Medicare for all - long overdue
“I mean, if you want to have a single-payer health care system, be my guest.” -Senator Graham
I support some of the things that Senator Graham says and does, but not all. Mostly, I like the fact that he is honest and one of the few Senators willing to speak his mind and not play with words, whether I agree with him or not.
He was being sarcastic when he made the above statement during the disastrous GOP push to repeal the Affordable Care Act (ACA). But, he was correct.
We should all want single payer, Senator Graham. Medicare for all (single payer) is the solution to our worsening health insurance cost and access problems.
Every private provider would be paid the same amount for specific services, as Medicare does now. Inefficient hospitals, nursing homes and others that could not control costs and deliver a quality product would go out of business.

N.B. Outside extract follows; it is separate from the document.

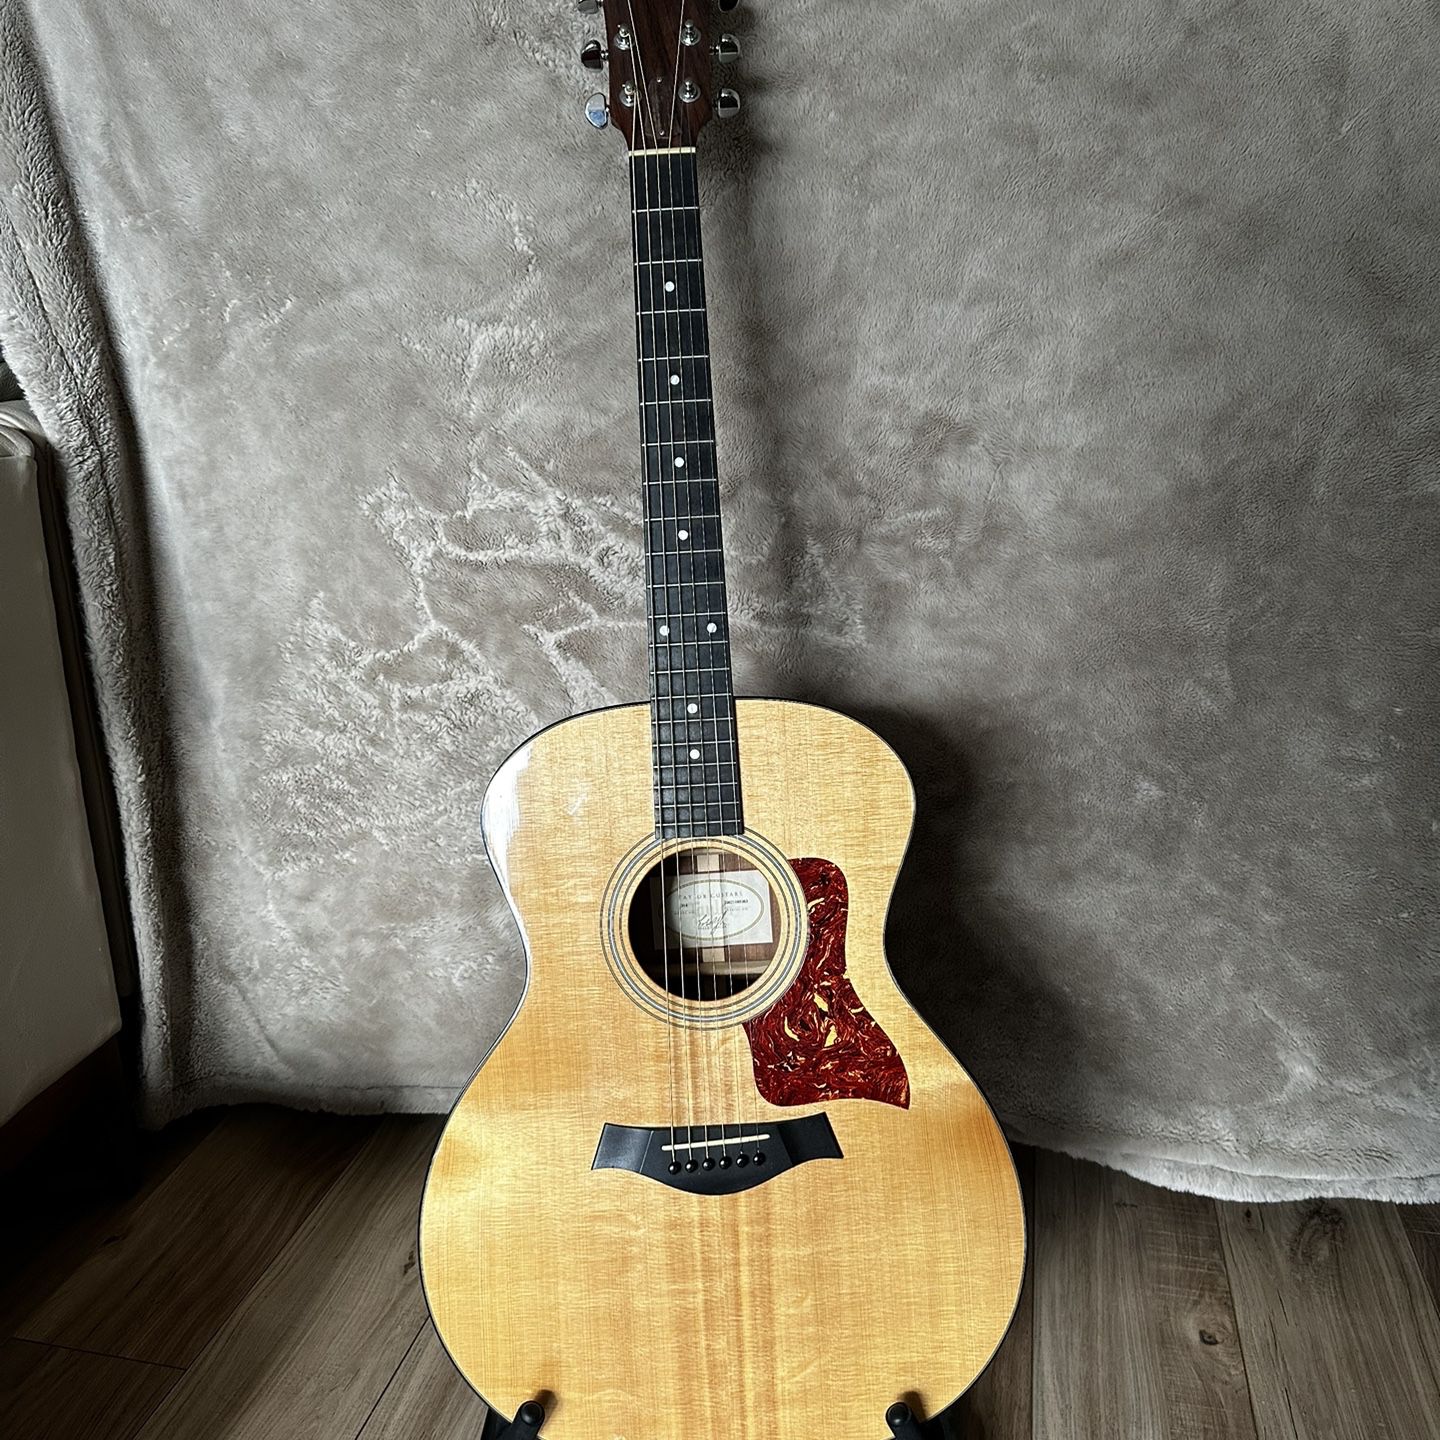 Taylor 314 Acoustic Guitar (Made In USA) for Sale in Puyallup, WA

Effective ones with high quality and low expenses would do well. That is capitalism, not socialism, as the right wing constantly states when Medicare expansion is proposed.
The government would also have the clout to drive pharmaceutical pricing down to the levels seen in other developed nations … but markedly NOT here. We have the highest drug prices in the world by far, impacting both our budgets and our health status.
Politicians on the right constantly repeat the refrain that our healthcare system is “the best in the world,” but according to every objective international study (for example, see the Commonwealth Fund reports in 2016 and 2017) that is just not true. Morbidity and mortality are worse in our nation than the rest of the developed countries. And, the cost is much greater here, while 30 million of us are still uninsured.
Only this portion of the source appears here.